Step 5. use the ISO Alcohol to run through your extraction tube, and filters used on the BHO, clean anything left off into a separate container.

Step 6. pour some ISO into the container that has the BHO material. Swirl it around for no longer than five seconds and strain it back into the container you just poured into from step 5.

Step 7. PURGE Your new found hash any of the various ways you are able to. Hot plate works for ISO, do not attempt to purge any BHO inside while you can still clearly see the butane. Use hot water method OUTSIDE.

Step 8. Take a dab, and relax. In the past 2 hours you've gone from having NO bud to having some nice quality hash that would be more expensive than some regular shitty schwag going around. 

______

Step C. After you are done with the dabs, if you are smoking out of an oil rig or vape pen, you can reclaim the left overs. Run your rig through some ISO and reclaim at least 10-20 percent of the hash that you've put through there.

Follow these steps closely. If you are like me and smoke 1-2 oz a week, you can do this around every two weeks. The more weight, the bigger the yield.


----------



## Desr (May 18, 2014)

thats fucking great^ pretty sure im gonna make a cannabis recipe book for like edibles and extracts, cool little useful shit like this..tips and tricks lol, and get out your bobby pins!!!resin when no weed..and duff. and friends. lol


----------



## DGL cultivates with J2 (May 25, 2014)

dude i have nasty bipolar trips when im dry haha if your in or near riverside ca msg me ill leave a g in a bush somewhere LOL.


----------



## applejohnny (May 30, 2014)

Just enjoy being clear headed for a while.


----------



## DGL cultivates with J2 (Jun 1, 2014)

applejohimo said:


> Just enjoy being clear headed for a while.


Horrible advice imo lol


----------



## greenlikemoney (Jun 1, 2014)

qwizoking said:


> i smoke 2-3oz a week normally its pretty hard to fill that need, even with my perp grow


That's quite a hefty schedule dude, kudos !!!!!!!!


----------



## Da Mann (Jun 1, 2014)

learning05 said:


> Hate being out.
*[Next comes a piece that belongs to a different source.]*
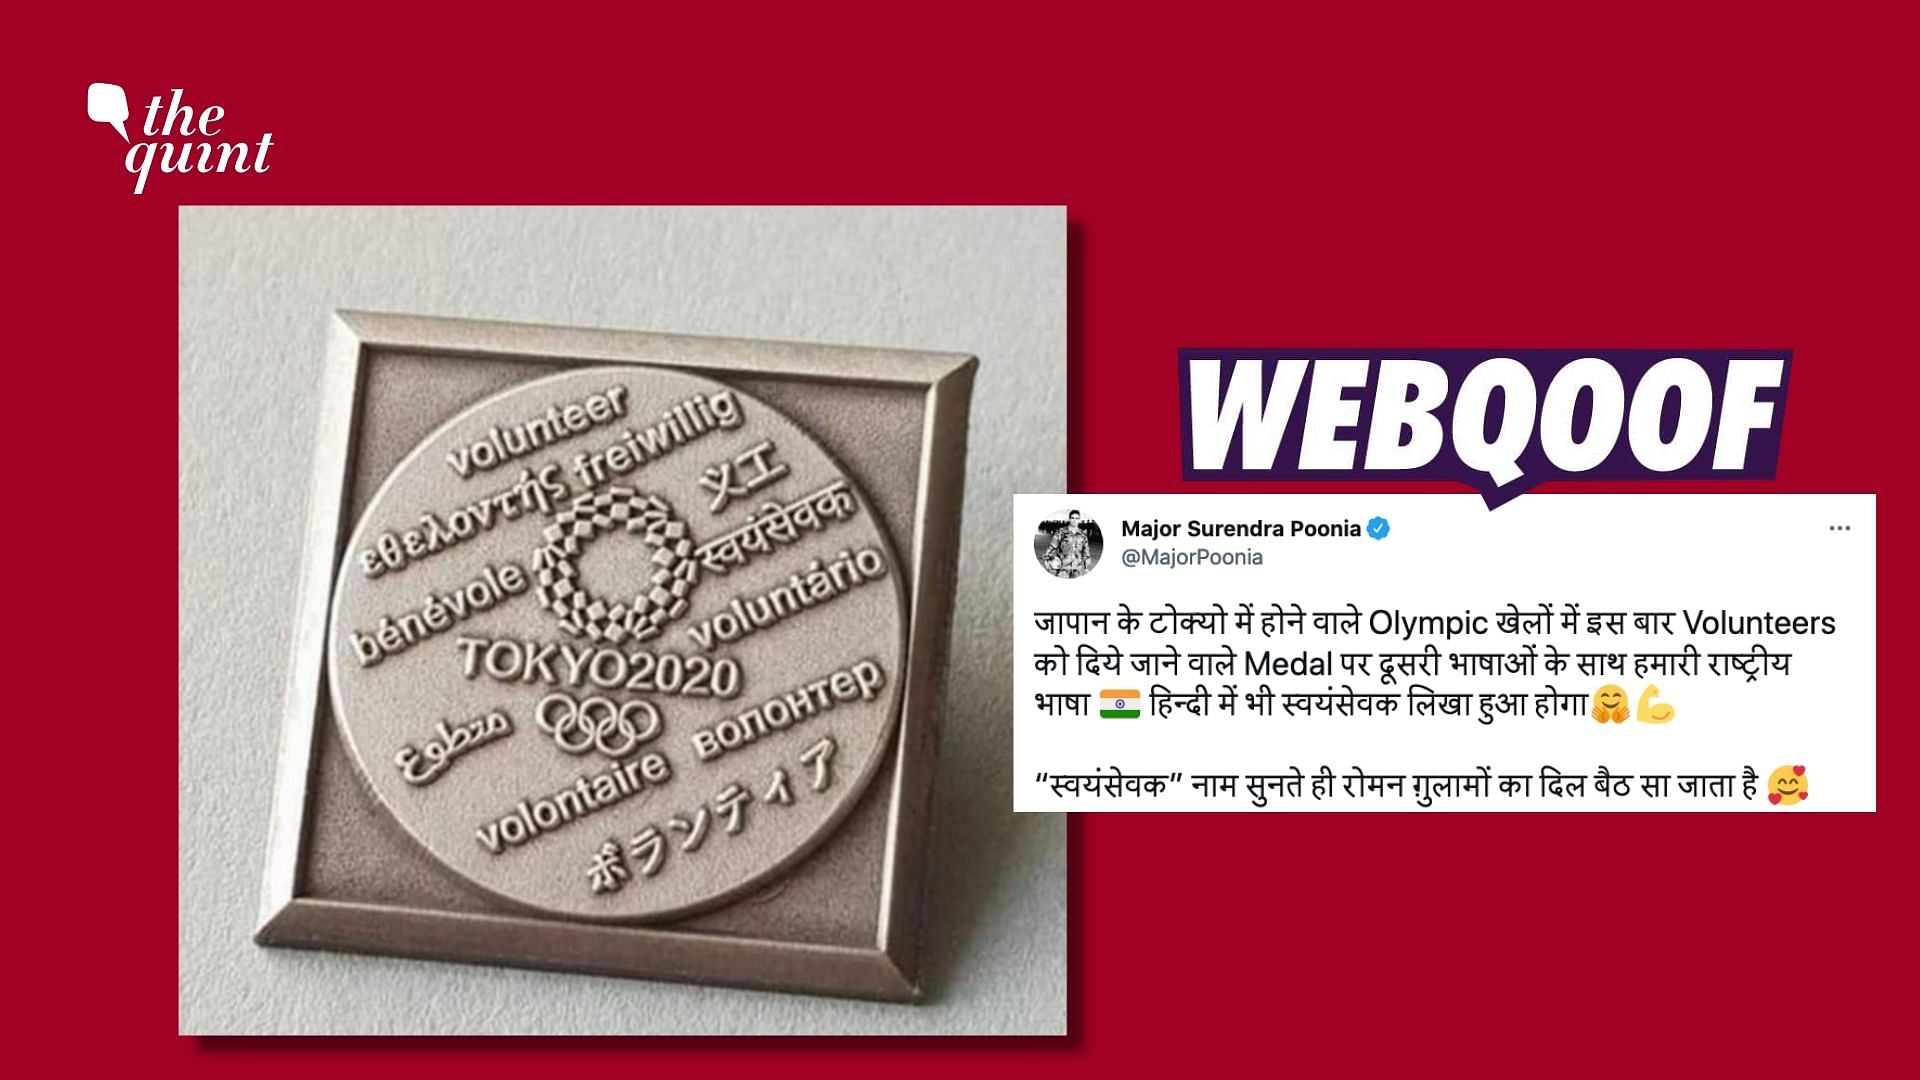 <div class="paragraphs"><p>A product available on an e-commerce platform was used to falsely claim that it's the medal that volunteers are getting at 2020 Tokyo Olympics.</p></div>

Dealer won't respond. Kinda broke. Plants still aren't near harvest. sigh...


I don't know. Never happened. I know it sucks to run out of cigs Poor Guy.


----------



## applejohnny (Jun 1, 2014)

DGL cultivates with J2 said:


> Horrible advice imo lol


Actually that's the best possible advice from someone who has smoked for 30+ years  Take it or leave it...


----------



## ayr0n (Jun 1, 2014)

This:


applejohnny said:


> Just enjoy being clear headed for a while.





BeastGrow said:


> just remember the longer you go without, the higher you will get when you return


I'm never really in a situation where I can't get some (even on vacation you can find it, just gotta be careful), but I do like breaks. Gives me time to break up my typical routine / cycle, look at things from a different perspective for a while, clear out my tolerance, and save a little $.


----------



## MFB (Jun 1, 2014)

I haven't been without weed in a couple years. I have a lot of weed connections so even if I run out I can get some. 

I use it routinely, I am sure I would have some kind of a mood swing if I stop. The first couple days I would probably be scraping bowls and smoking roaches. I use a G Pen a lot now though, so not much resin or roaches as in the past. 

Speaking of going dry, lots of dealers I know are out of weed right now. Dry spells happen, people get busted so the others set on their weed.


----------



## ayr0n (Jun 1, 2014)

MFB said:


> I haven't been without weed in a couple years. I have a lot of weed connections so even if I run out I can get some.
> 
> I use it routinely, I am sure I would have some kind of a mood swing if I stop. The first couple days I would probably be scraping bowls and smoking roaches. I use a G Pen a lot now though, so not much resin or roaches as in the past.
> 
> Speaking of going dry, lots of dealers I know are out of weed right now. *Dry spells happen, people get busted so the others set on their weed.*


I've seen several good guys lose their lives (jobs, family, imprisonment...) over this harmless plant. Hopefully some of this goes away as more grows become "legal" - and as more states decriminalize...There's plenty of dope out there, no reason to have dry spells. N definitely no reason for growers to be criminalized.


----------



## abalonehx (Jun 3, 2014)

Out?? ...cant happen


----------



## Richard Simmons (Jun 15, 2014)

I would workout for an hour and then when im all sweaty and ready to bone go find a girl to ball down for money.


----------



## DoinFreedomofSpeech (Jun 15, 2014)

I do my normal daily activities. I used to freak out and obsessively try to get more asap but I find it much more rewarding to not have weed most of the time. That way when I get weed its a novel experience.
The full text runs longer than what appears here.